— PROBLEM STATEMENT —
The pictures stay out; all of the data is to be printed exactly.

►

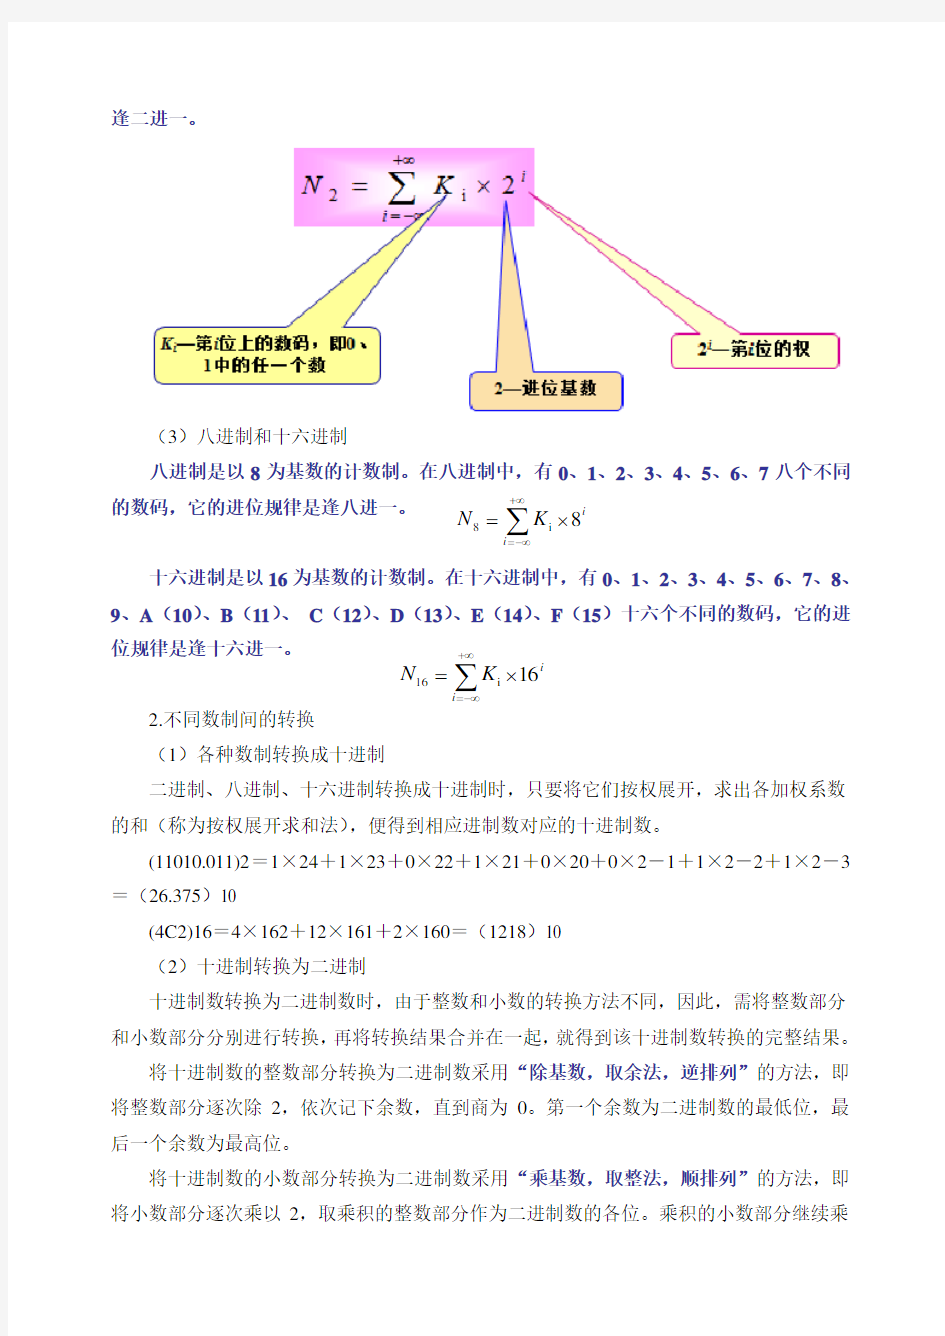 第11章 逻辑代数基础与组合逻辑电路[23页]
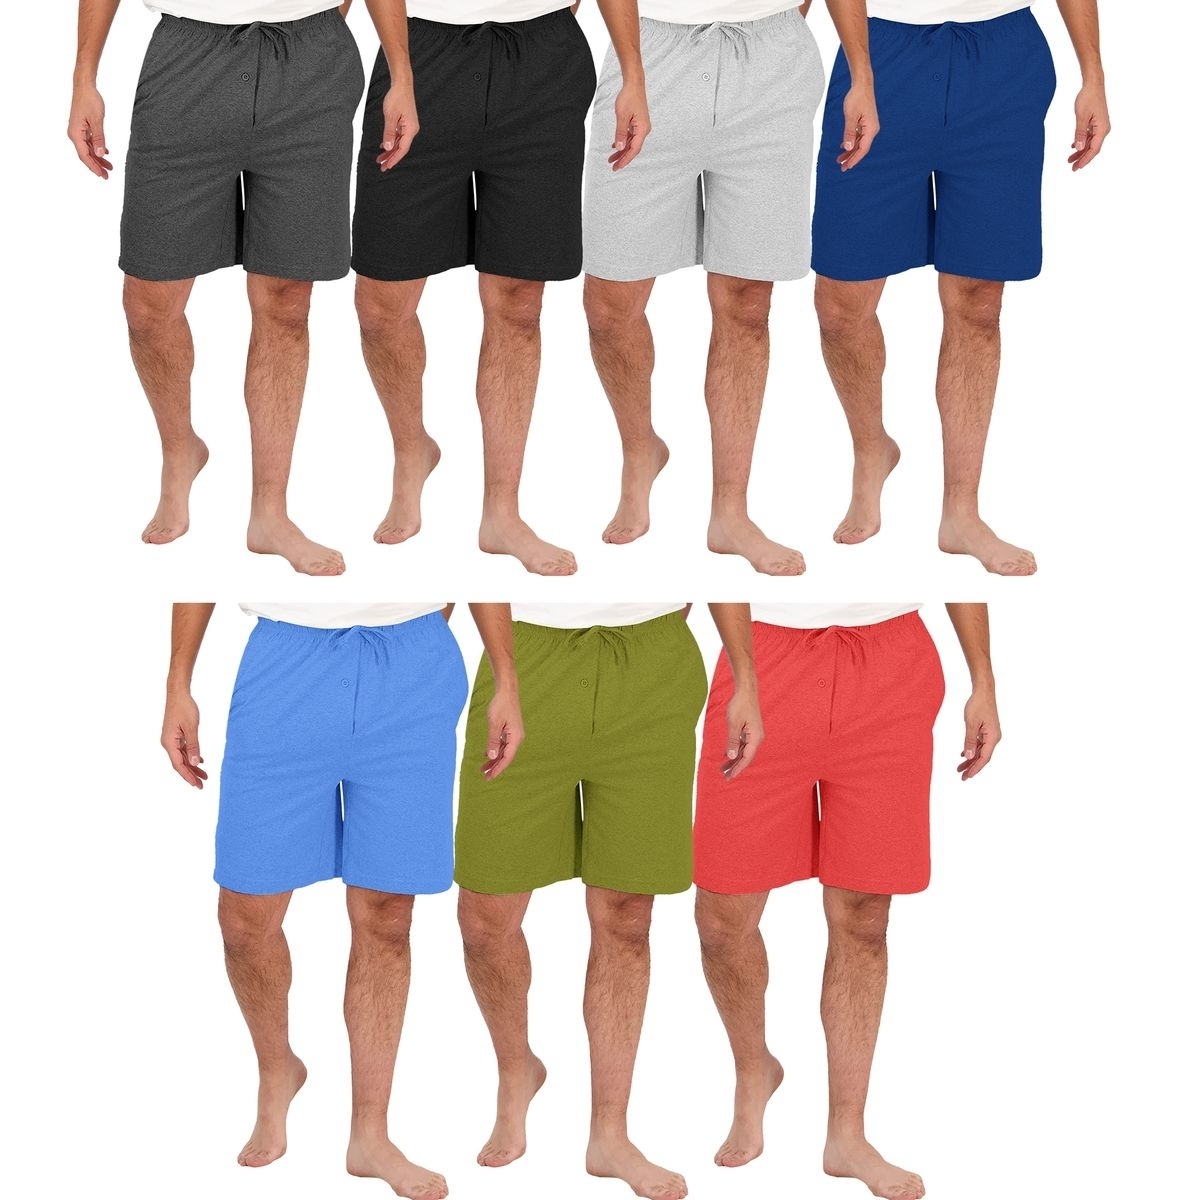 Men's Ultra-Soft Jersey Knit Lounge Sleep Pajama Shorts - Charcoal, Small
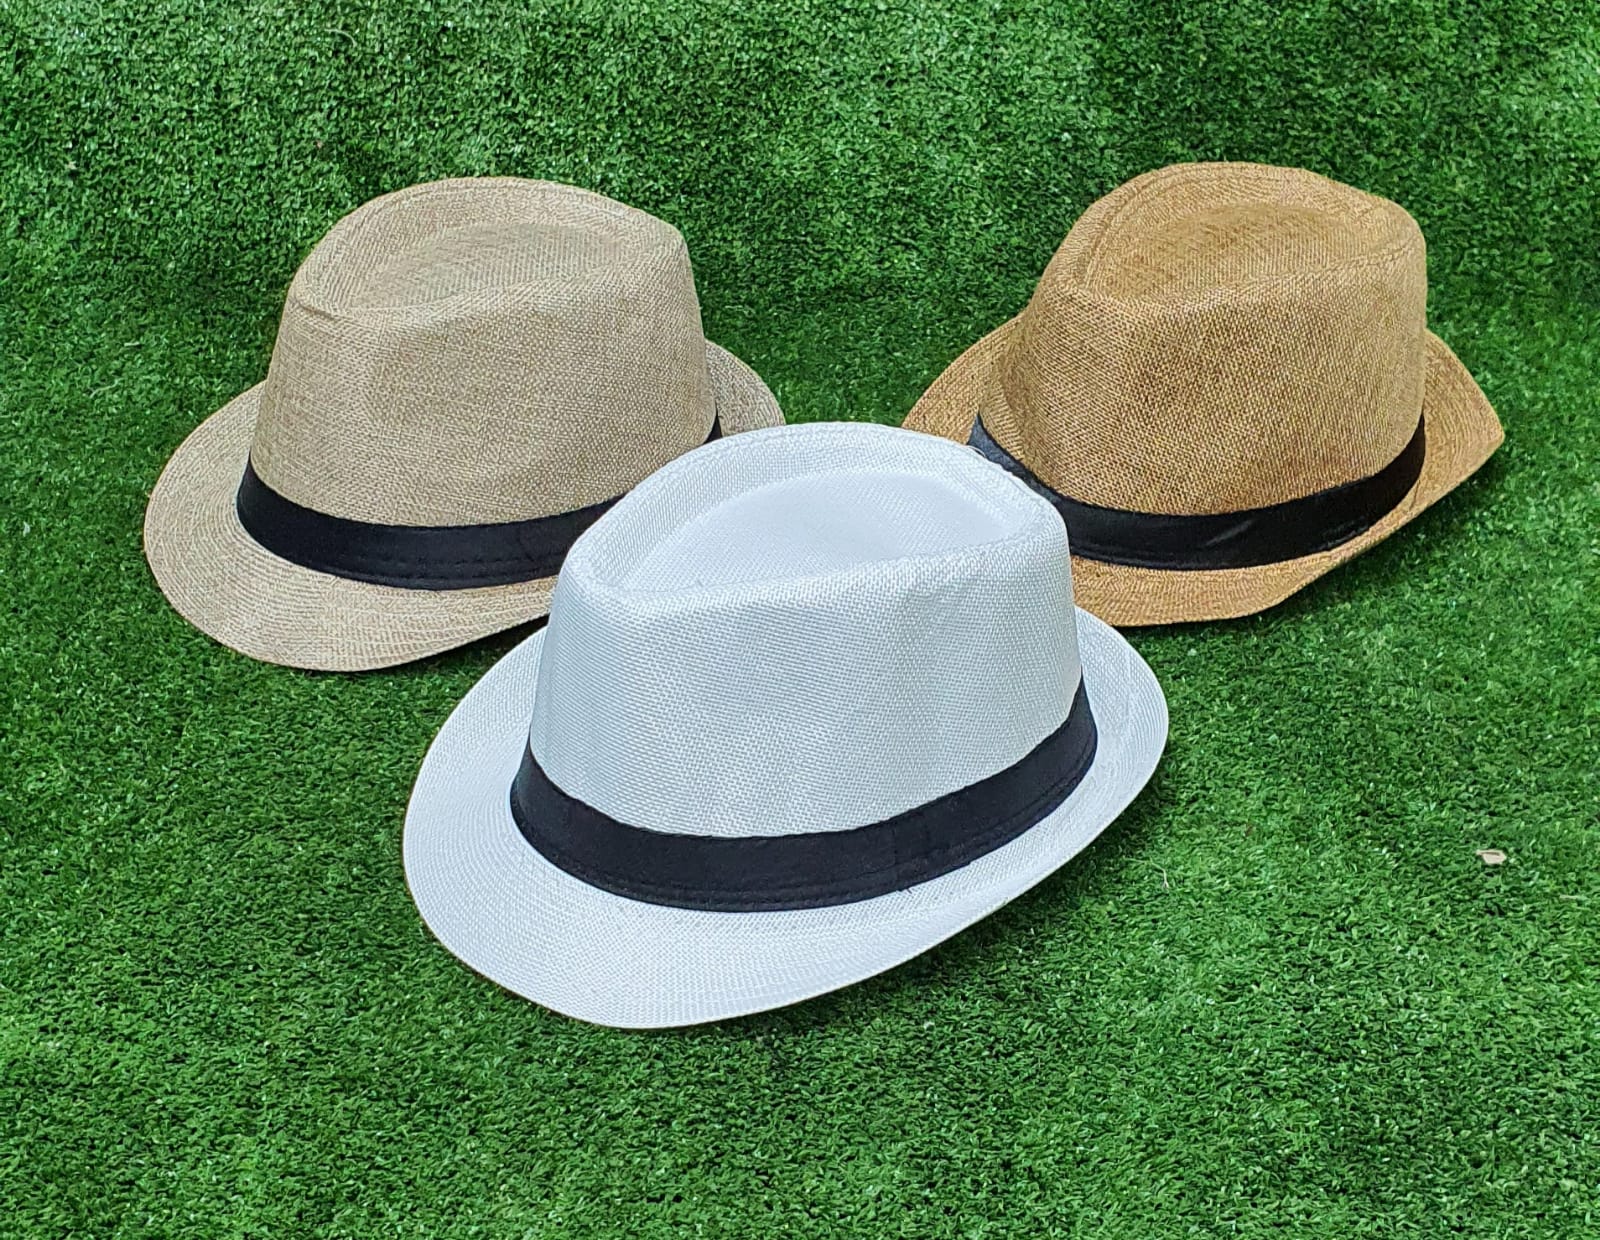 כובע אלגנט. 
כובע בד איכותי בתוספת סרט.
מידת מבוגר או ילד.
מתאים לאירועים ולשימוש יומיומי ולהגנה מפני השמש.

◄

— WRITTEN SOLUTION —
 第11章 逻辑代数基础与组合逻辑电路[23页]
 Men's Ultra-Soft Jersey Knit Lounge Sleep Pajama Shorts - Charcoal, Small
 כובע אלגנט. 
כובע בד איכותי בתוספת סרט.
מידת מבוגר או ילד.
מתאים לאירועים ולשימוש יומיומי ולהגנה מפני השמש.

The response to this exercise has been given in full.